DATASET EXCERPT ::
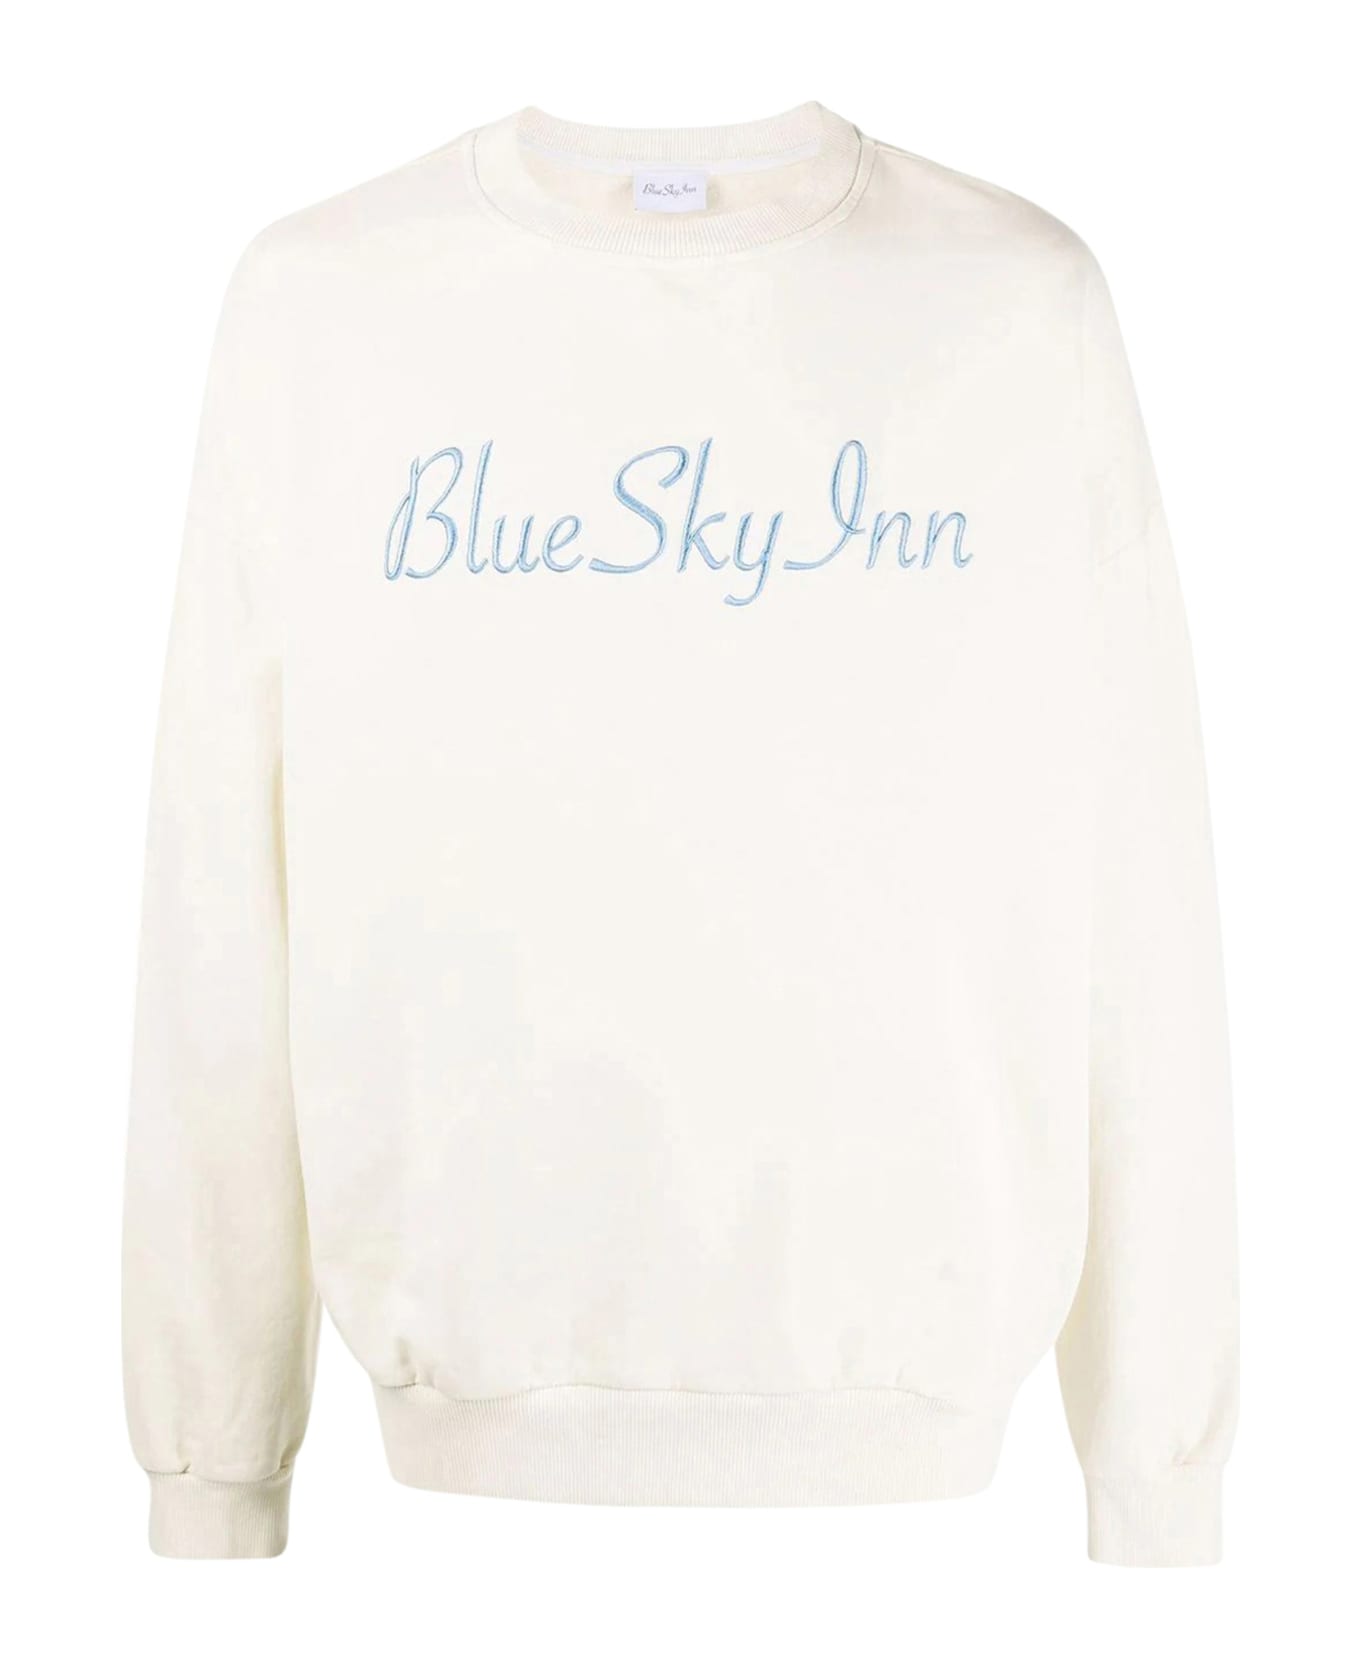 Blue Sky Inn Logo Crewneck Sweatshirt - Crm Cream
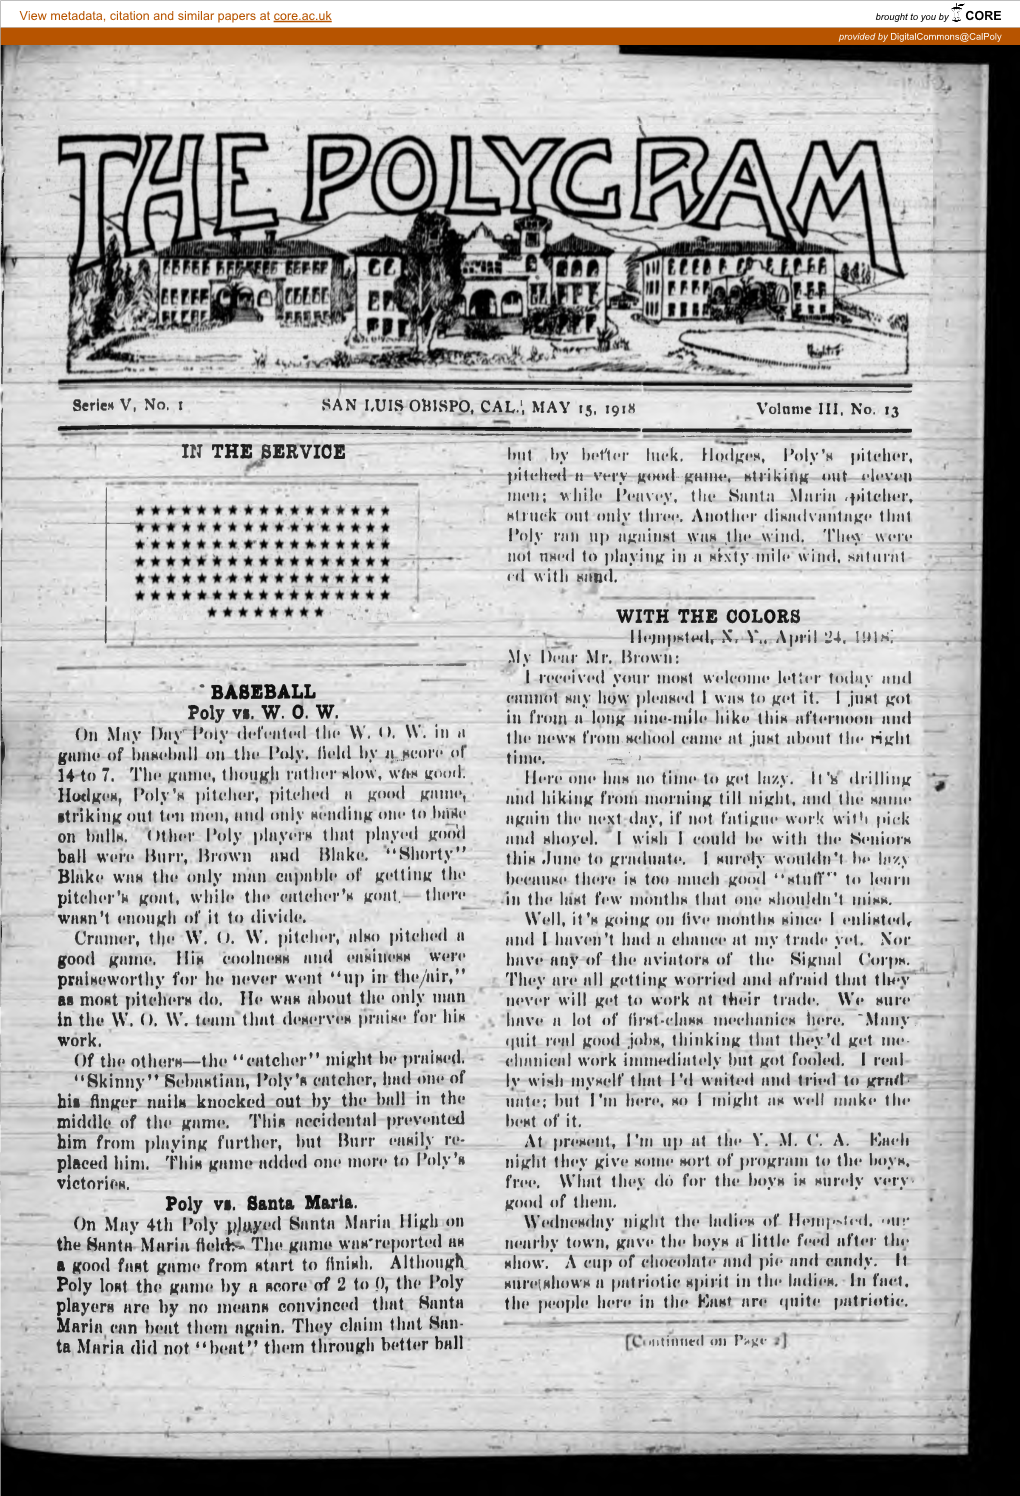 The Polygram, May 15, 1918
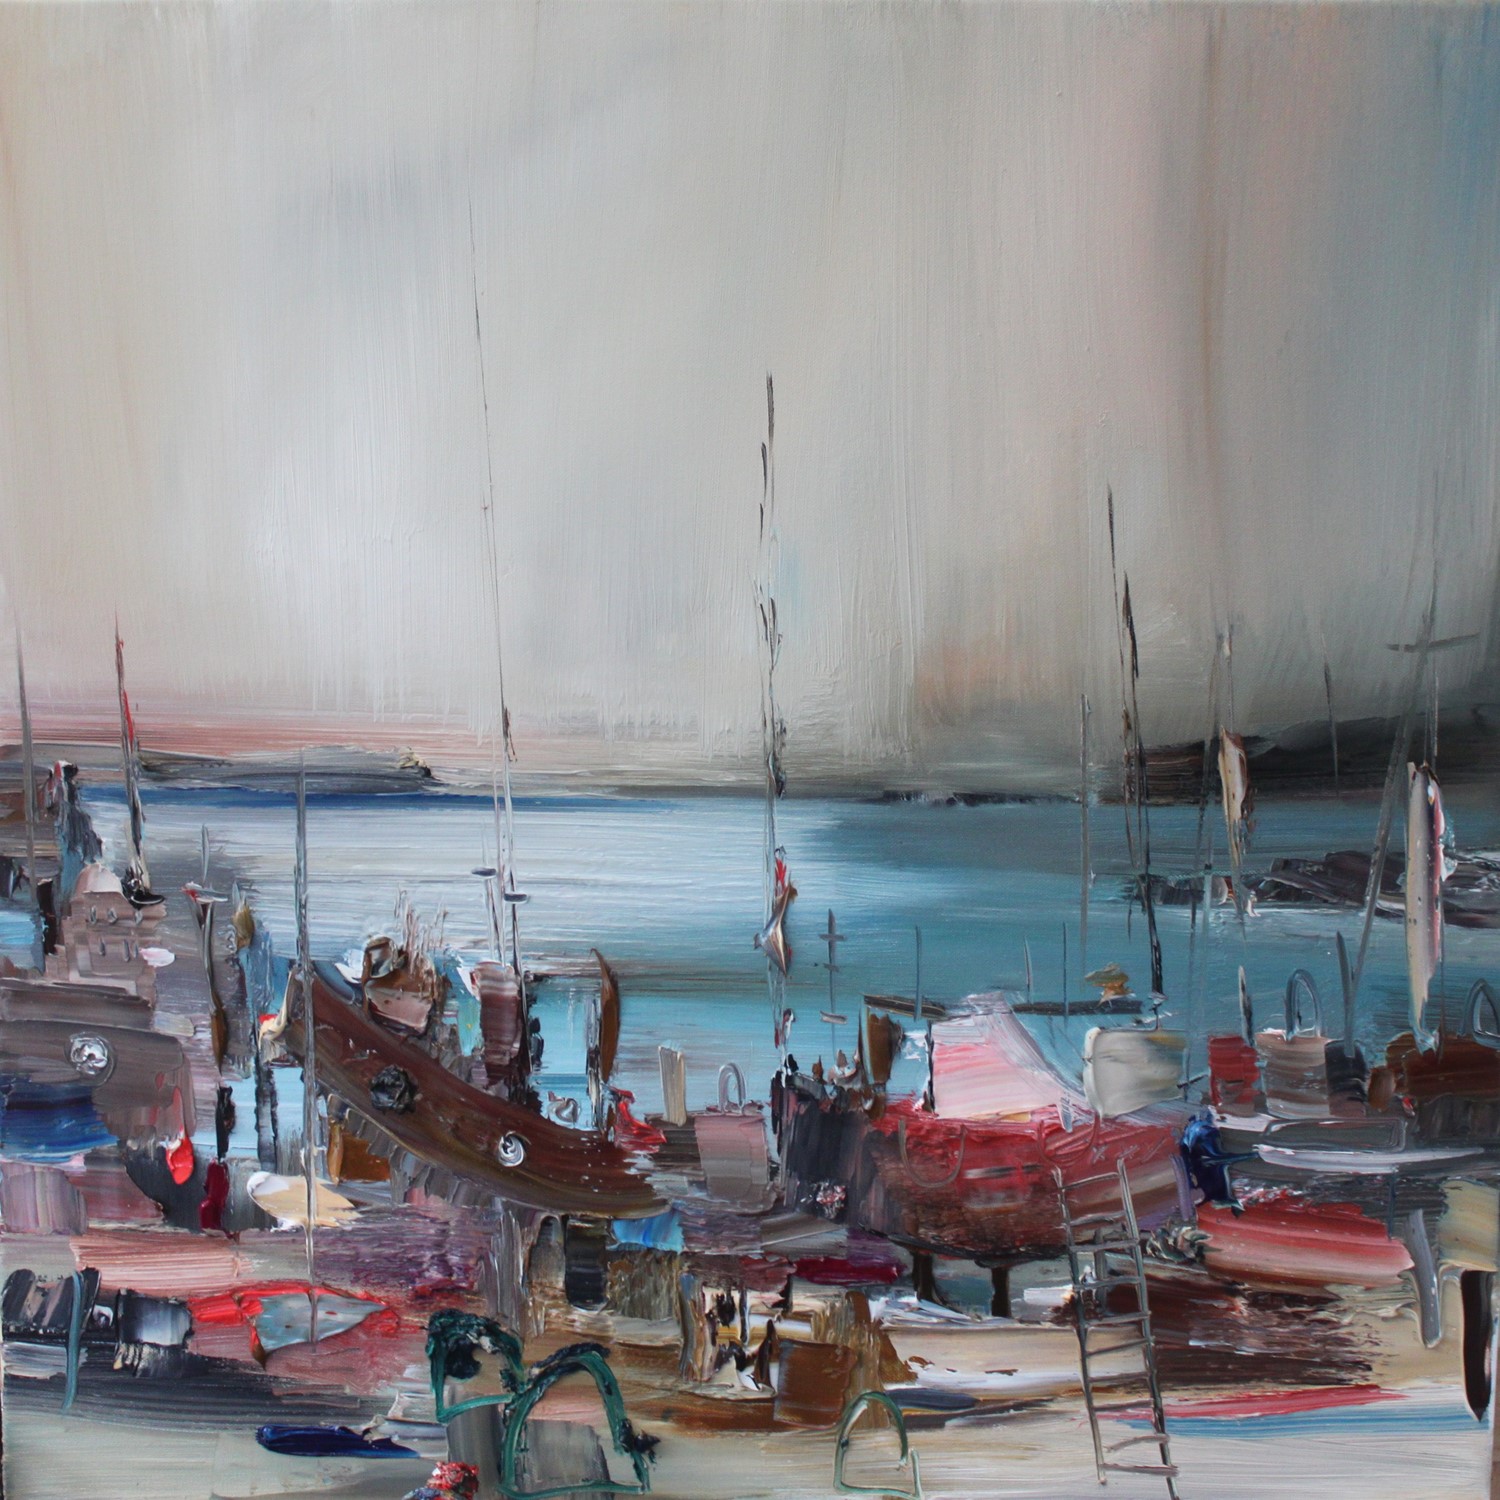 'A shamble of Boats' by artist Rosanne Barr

DIRECTIONS :: For this exercise, restate the material exactly and skip every picture.

EXERCISE OUTPUT ::
 Blue Sky Inn Logo Crewneck Sweatshirt - Crm Cream
 The Polygram, May 15, 1918
 'A shamble of Boats' by artist Rosanne Barr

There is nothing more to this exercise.